Hispanic Caucus picks Linda Sánchez to lead campaign arm
The Congressional Hispanic Caucus (CHC) on Wednesday announced California Democratic Rep. Linda Sánchez will lead the group’s campaign arm.
Sánchez won chairmanship of Bold PAC, the campaign group, in a closed-ballot vote against fellow California Democratic Rep. Norma Torres.
“I just wanted to run for Bold PAC, because I think the next election cycle is going to be a critical one, and I believe we can win back the House,” Sánchez told The Hill.
“And I believe that the majority in the House for Democrats runs through Bold. There are a lot of really talented Latina and Latino candidates out there, and if we get involved early in encouraging them to run for office and supporting them with the resources they need, I think we can be successful.”
Sánchez will replace Rep. Ruben Gallego (D-Ariz.), who will step down as head of Bold PAC at the end of the quarter to focus on his campaign to oust Sen. Kyrsten Sinema (I-Ariz.).
“Incoming Chairwoman Linda Sánchez is a steadfast champion for hard-working families in California and across America. For over 20 years, she has been a trailblazer and relentless fighter for progressive values — including being the first Latina elected to a leadership position in Congress,” Gallego said in a statement.
“She’s made history again as the first woman elected to lead BOLD PAC and on the first day of Women’s History Month, I’m especially excited to celebrate her election,” he added.
With Sánchez at the head of Bold PAC, women from California will lead two of the CHC’s branches — Rep. Nanette Barragán (D-Calif) is the CHC chair, a position that determines the political direction of the caucus as a whole.
CHC Vice Chair Rep. Adriano Espaillat (D-N.Y.), meanwhile, chairs the Congressional Hispanic Caucus Institute (CHCI), the group’s educational branch.
Sánchez, a former labor lawyer, has been active in candidate recruitment for the CHC for years.

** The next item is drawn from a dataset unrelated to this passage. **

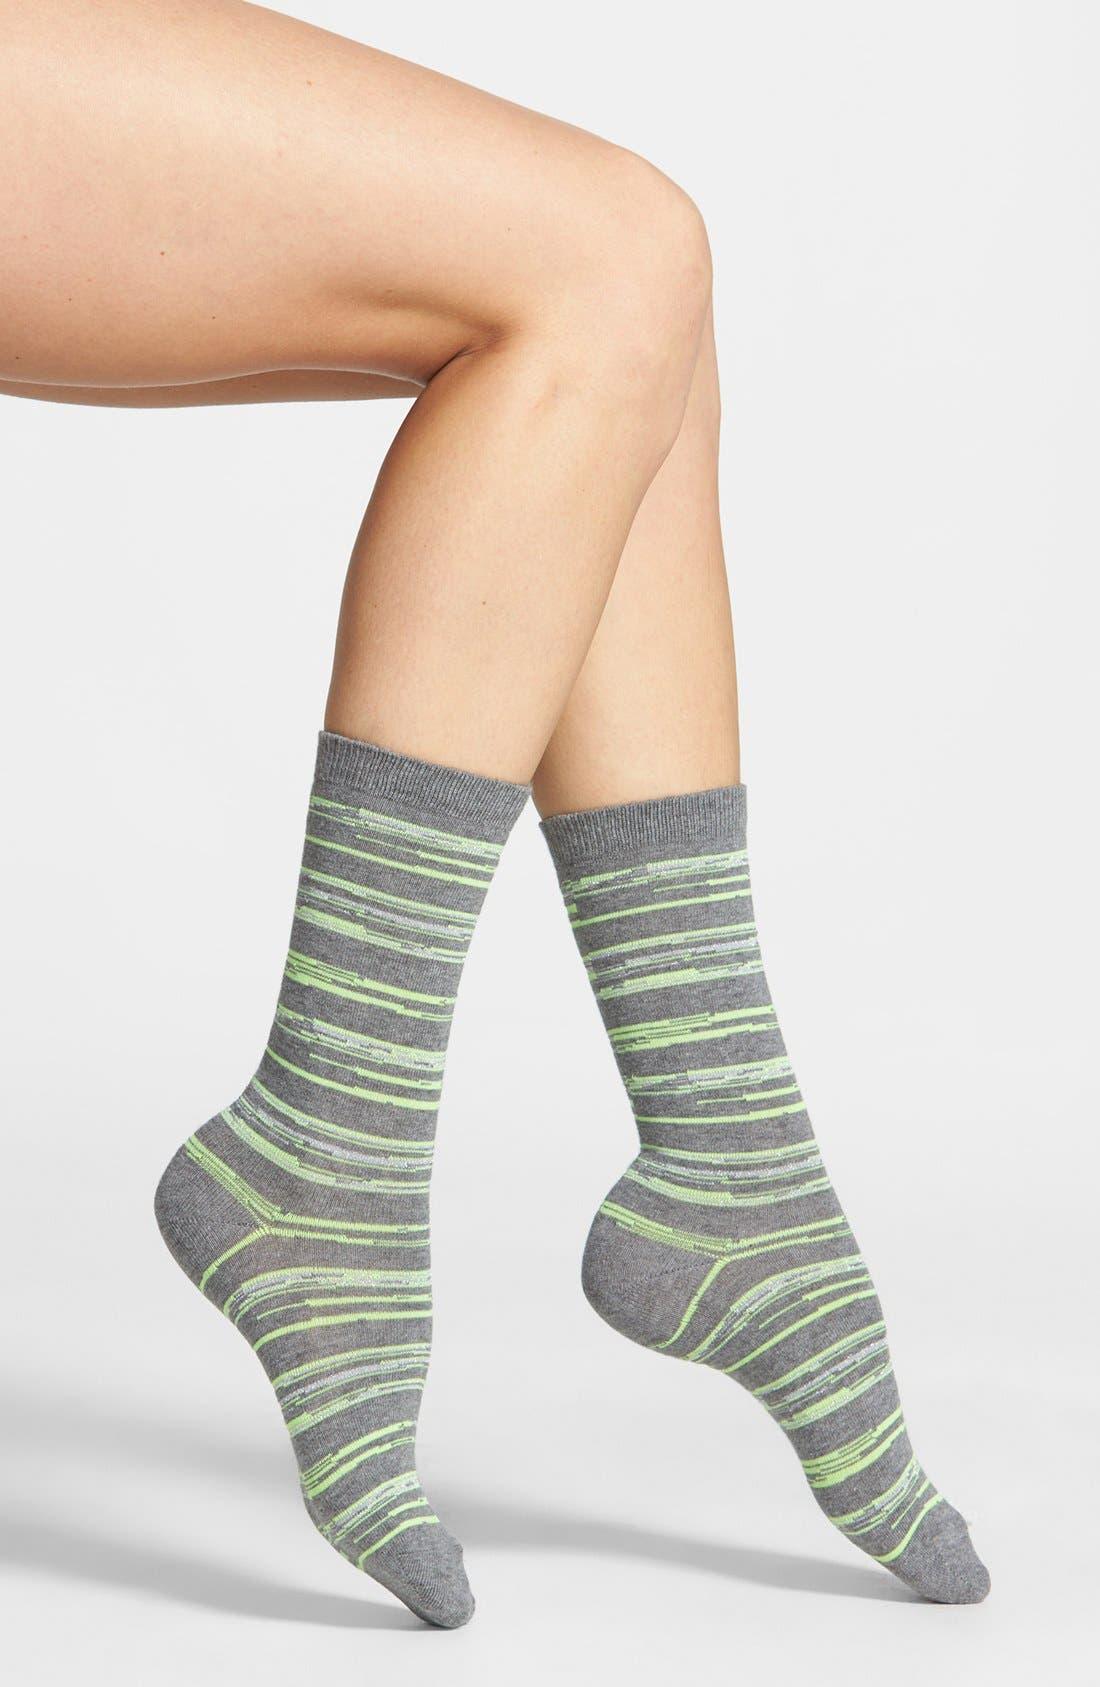 Alternate Image 1 Selected - Nordstrom Space Dye Crew Socks
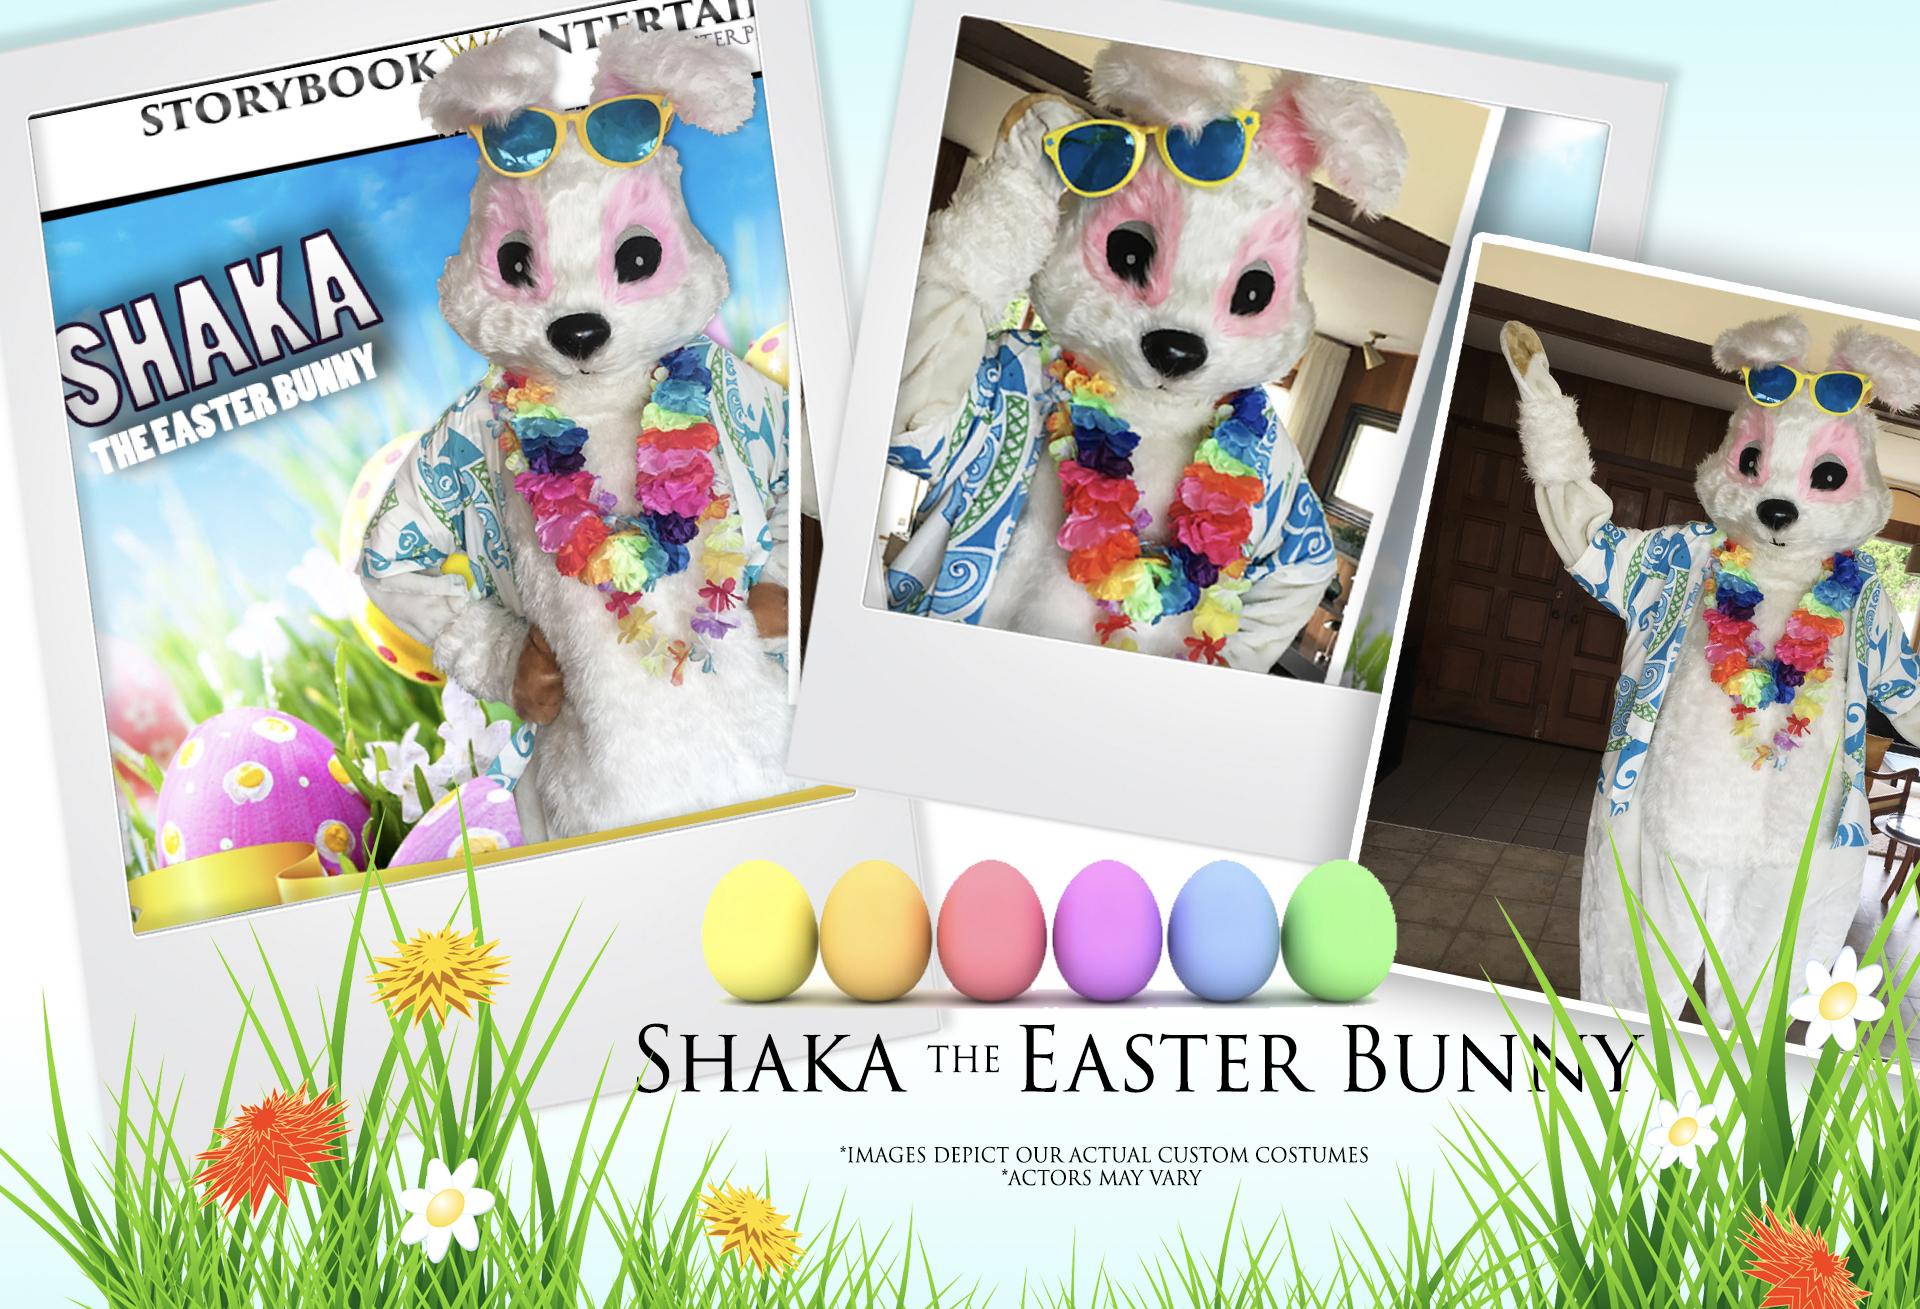 Shake the Easter Bunny

Ahead of the 2016 midterms, she and Gallego teamed up to recruit Barragán to run against a candidate supported by retiring incumbent former Rep. Janice Hahn (D-Calif.).
“It’s always gratifying when you see talent early on, and you encourage that talent. Nanette is perhaps one of the best examples of a candidate that nobody believed in, but I did and ultimately Bold did, and we committed the resources, and she’s here today because of that effort,” Sánchez said.
The group has also given the CHC independence from party leadership, while providing a springboard for its members to rise in politics.
Gallego, for instance, is trading in a successful run at the helm of Bold PAC for a shot at Sinema’s Senate seat, and now-Sen. Ben Ray Luján (D-N.M.) catapulted his career after Bold PAC, leading the Democratic Congressional Campaign Committee (DCCC), being appointed assistant Speaker of the House, and mounting a successful Senate run in 2020.
Bold PAC’s growth took off after Luján’s leadership of the group in the 2014 election cycle, and ballooned under Rep. Tony Cárdenas (D-Calif.) and Gallego, setting a benchmark for other congressional caucus-based campaign organizations.
The group, which was originally founded to help protect CHC incumbents, has diversified into recruiting new CHC challengers and supporting some of the group’s allies.
In one instance in the 2022 cycle, Bold PAC butted heads in a Democratic primary against the party’s leadership caucus and a huge cryptocurrency investment, and came out on top.
The group’s growth in large part has moved in parallel with its fundraising success.
Ahead of the 2014 cycle, it raised less than a million dollars, a figure which jumped to more than $6 million ahead of 2016, $11 million for 2018, $18 million for 2020 and $12 million for 2022, a midterm election.
CHC members have pushed for — and benefited from — Bold PAC’s growth, often complaining about cultural competency and flat-footed minority outreach in other institutions within the party’s campaign apparatus.
“Historically, our candidates have been underfunded, and the party doesn’t always, you know, recognize the value in investing in our candidates. I think over time, that’s what we started to change. And with [Rep.] Suzan DelBene (D-Wash.) at the DCCC — she’s my seatmate on Ways and Means — I hope to coordinate better with the DCCC,” Sánchez said.
In 2022, the group made $6 million in direct investments for Latino candidates, with members like Sánchez and Cárdenas deeply involved in Bold PAC’s independent expenditures program.
Gallego, announcing the end of his tenure, touted the professionalization of Bold PAC, saying he didn’t know and had “no concerns either” about who would lead the group, even before Sánchez and Torres announced their bids.
Sánchez told The Hill her tenure at Bold PAC will be a “natural continuation” of her previous work in the CHC.
“All the years that I’ve served in Congress, I’ve been recruiting candidates, I’ve been campaigning for candidates, I’ve been funding candidates, I’ve been trying to elevate our members once they get elected to the right committee assignments and introducing them to other ways in which they can participate here on the Hill and grow our power, grow our gravitas here on the Hill. So it’s just a natural extension of that,” she said.